HAVE you heard of the OSS spy stationed in the Vatican, codenamed 'Black"? I am curious as to his identity, and I was made aware of him after reading a book called US Intelligence and the Nazis. I have met two of its authors, Richard Breitman, one of whose lectures I attended about three years ago, and Norman Goda, one of my former professors.
After reading your books on Churchill, and on Dresden, I wondered if Churchill could have cited two precedents for terror bombing of civilians; the first would have been Nazi air strikes against Poland in 1939, and the second the bombing of Rotterdam in May 1940.
I do not know the death toll for Rotterdam, and none of these early incidents compared to the loss of life in the terror bombings of the last years of the war, and they were not directed at England, but they still count as terror bombing, in my book, and they killed a lot of civilians.
I believe Poland was hit harder, but I could be wrong. Also, after watching an interview you did about your upcoming Heinrich Himmler book, in which you say that the Nazis were not going to play nice with Jews or anyone else because Germany was being mercilessly bombed, could you not say the same for the Soviet Union, and how it was obviously not going to treat the Germans well, given the nature of the war being waged in Eastern Europe?
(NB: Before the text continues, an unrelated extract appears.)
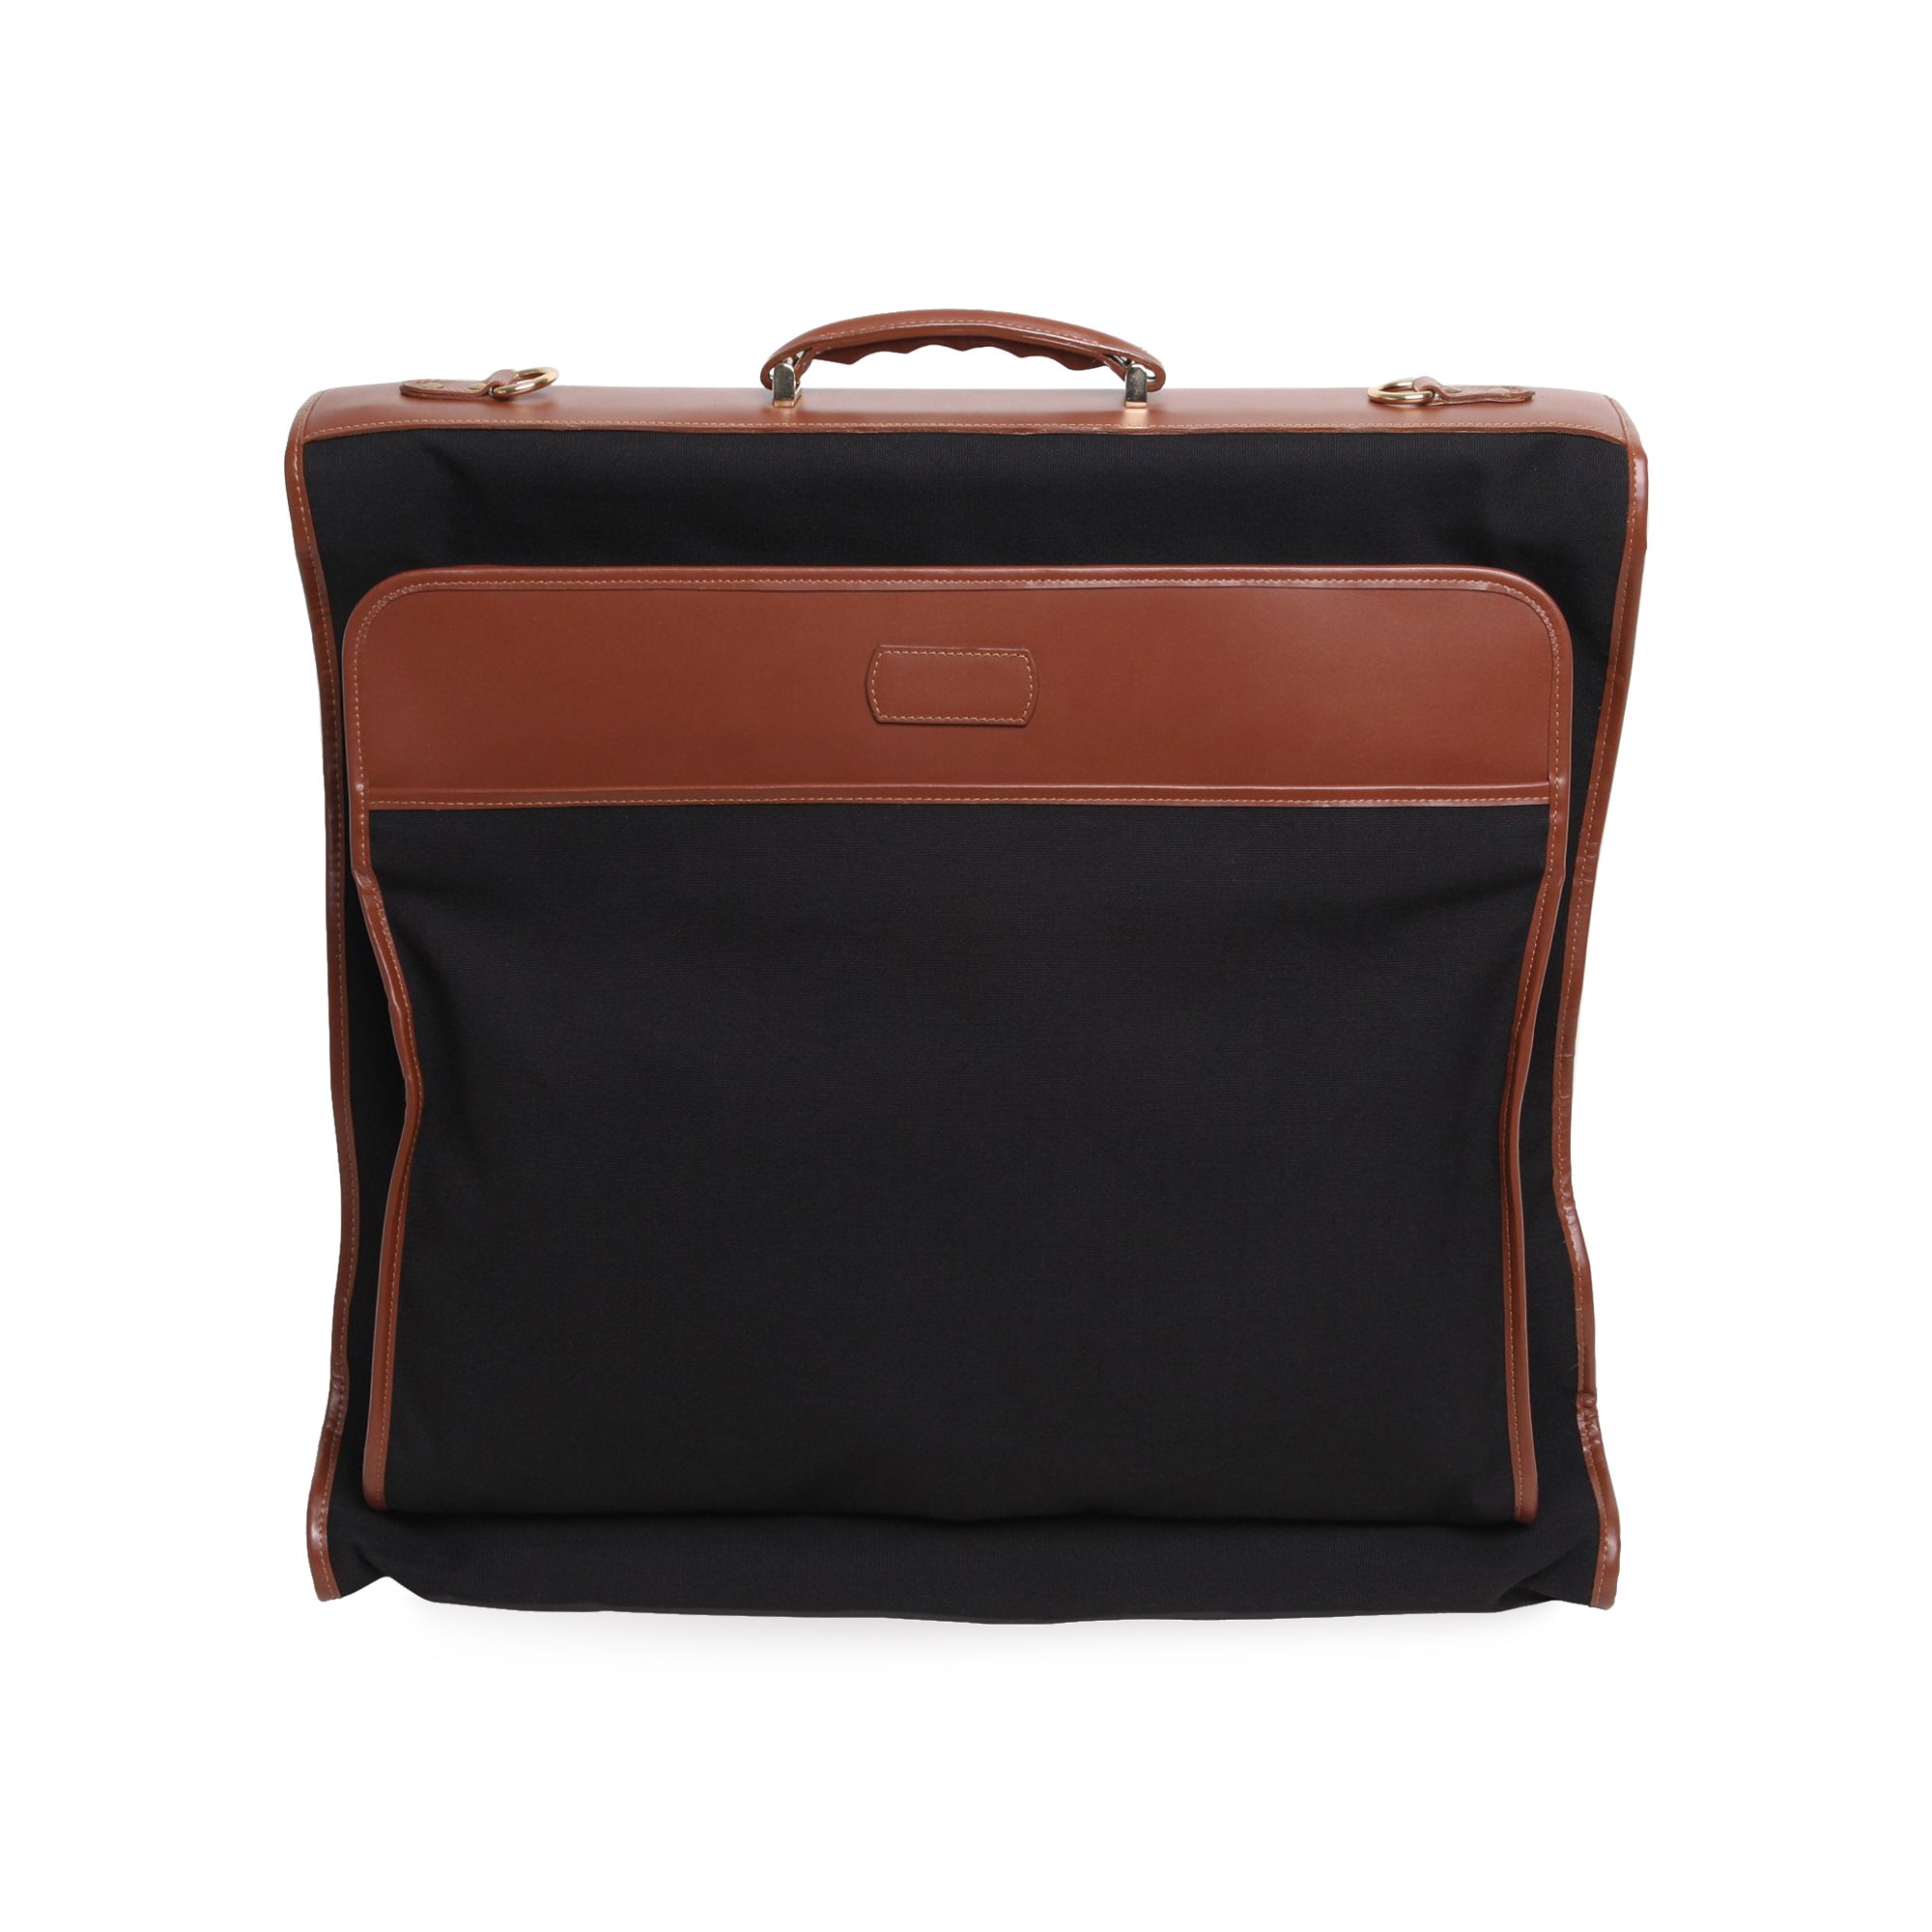 The 14 Best Carry-On Garment Bags for Travel [Suits, Dresses, Shirts]
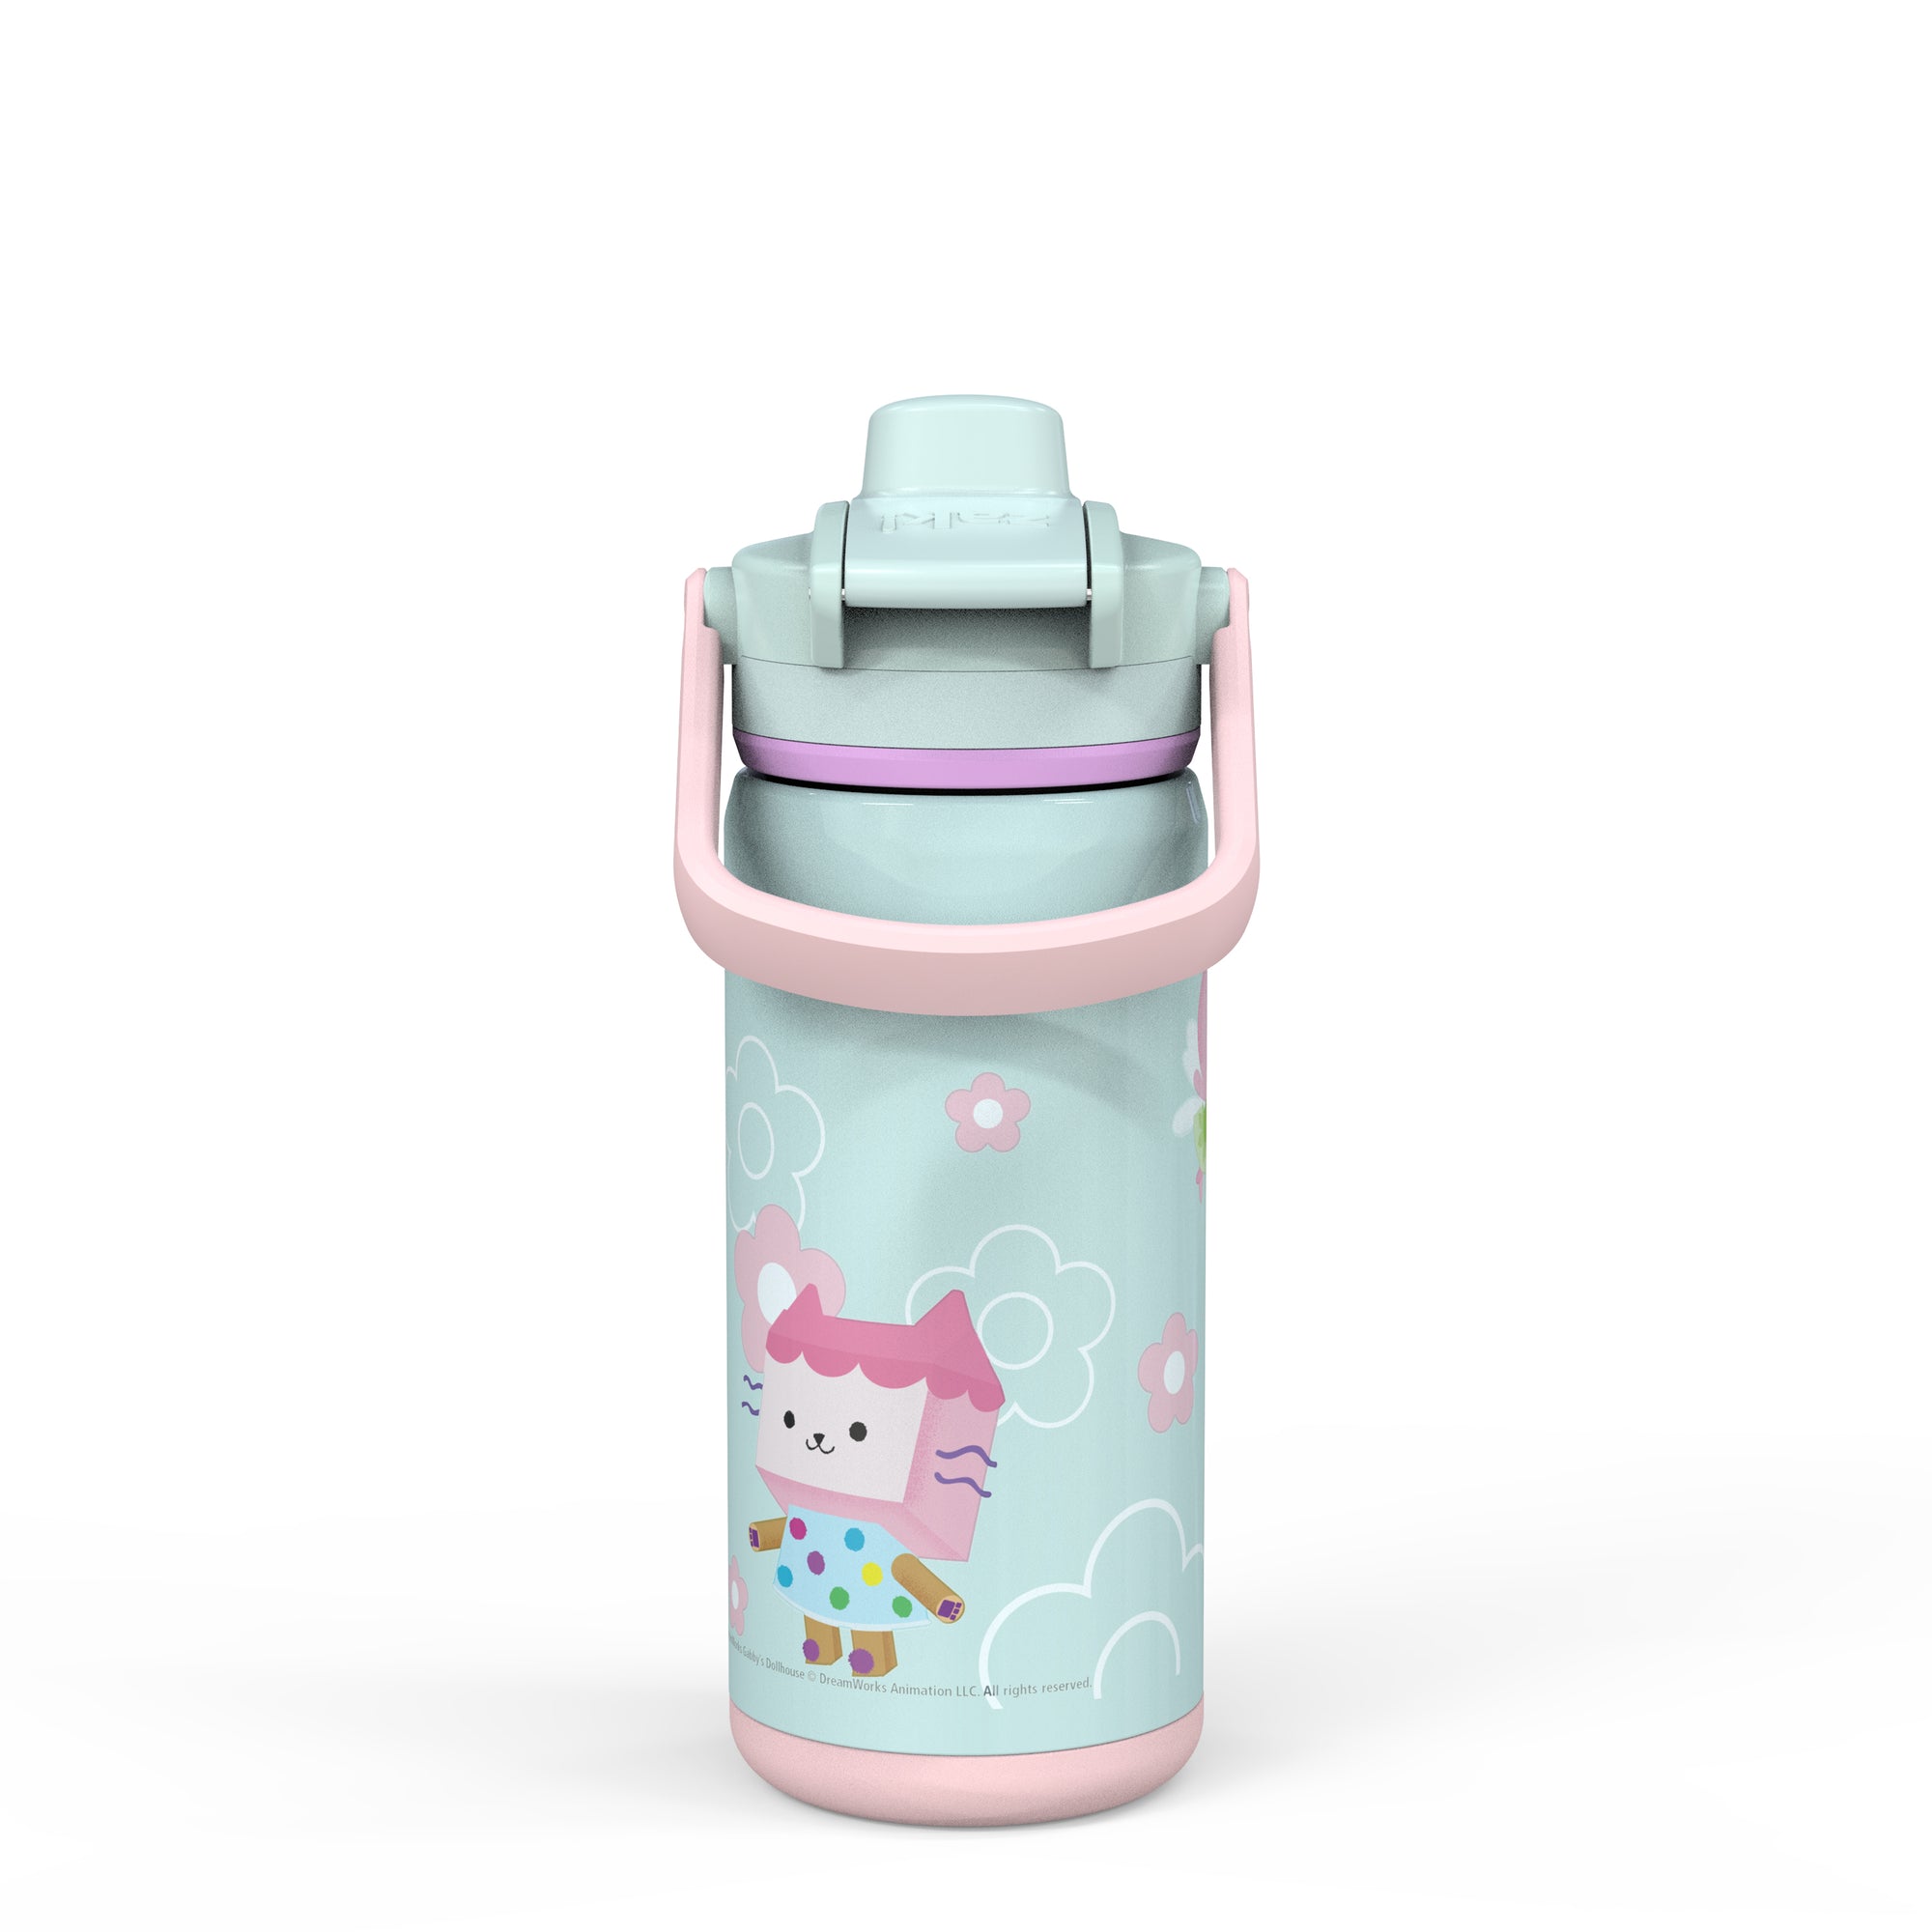 Gabby's Dollhouse Beacon Stainless Steel Insulated Kids Water Bottle with Covered Spout, 14 Ounces

The Nazi treatment of Soviet POWS inevitably led to similar treatment of German POWs in Red Army hands. I think it goes both ways.
David Irving writes:
THE bombing of Warsaw and Rotterdam were no precedents for the RAF's saturation bombing campaign; both cities were attacked for military tactical reasons, as is well established in the records. Winston Churchill in his six-volume history The Second World War subsequently claimed that "thirty thousand civilians" were killed in the Rotterdam raid on May 14, 1940. The city officials told me the actual figure was around 900, mostly from fires caused by the blazing margarine factory.
As for the Soviet and Nazi treatment of prisoners of war; Stalin in his wisdom had refused to sign the Geneva Convention on prisoners, so in the eastern campaign the gloves were off for both sides. Not many historians appreciate this legal point.
Perhaps the OSS agent in the Vatican was Myron Taylor, the US special envoy to the Holy See? His papers are now at Syracuse University, NY, where I consulted them for my Churchill biography.